当前位置:网站首页>Hands on deep learning -- weight decay and code implementation

Hands on deep learning -- weight decay and code implementation

2022-06-12 08:14:00 Orange acridine 21

One 、 Weight decline

1、 Weight decline : It is a method commonly used to deal with over fitting .
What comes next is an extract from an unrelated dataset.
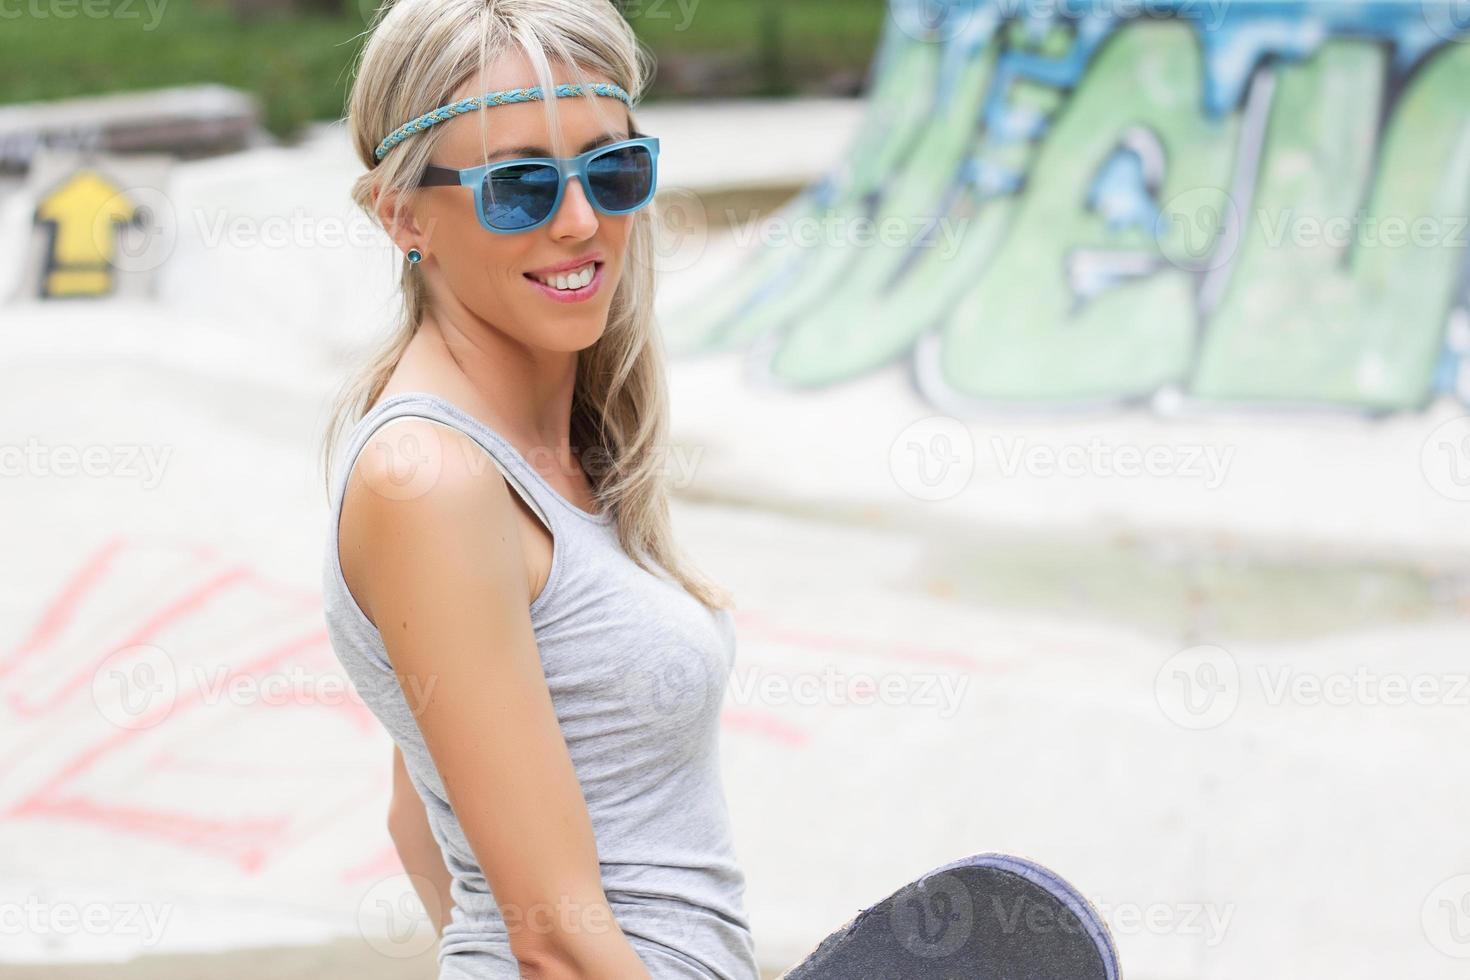 jonge tiener in skateboardpark foto

2、 Use the mean square norm as a hard limit

The model capacity is controlled by limiting the selection range of parameter values

  • Generally, the offset is not limited b( Limit or not ).
  • Small Means stronger regular terms .

3、 Use the mean square norm as the flexibility limit

For each , Can be found λ Make the previous objective function equivalent to the following :

It can be proved by Lagrange multiplier .

Hyperparameters λ Controls the importance of regular terms :

4、 Parameter update rule

Every time you introduce λ Will reduce the weight , So it's called weight decline .

5、 summary

Weight decay through L2 The regular term makes the model parameters not too large , So as to control the complexity of the model .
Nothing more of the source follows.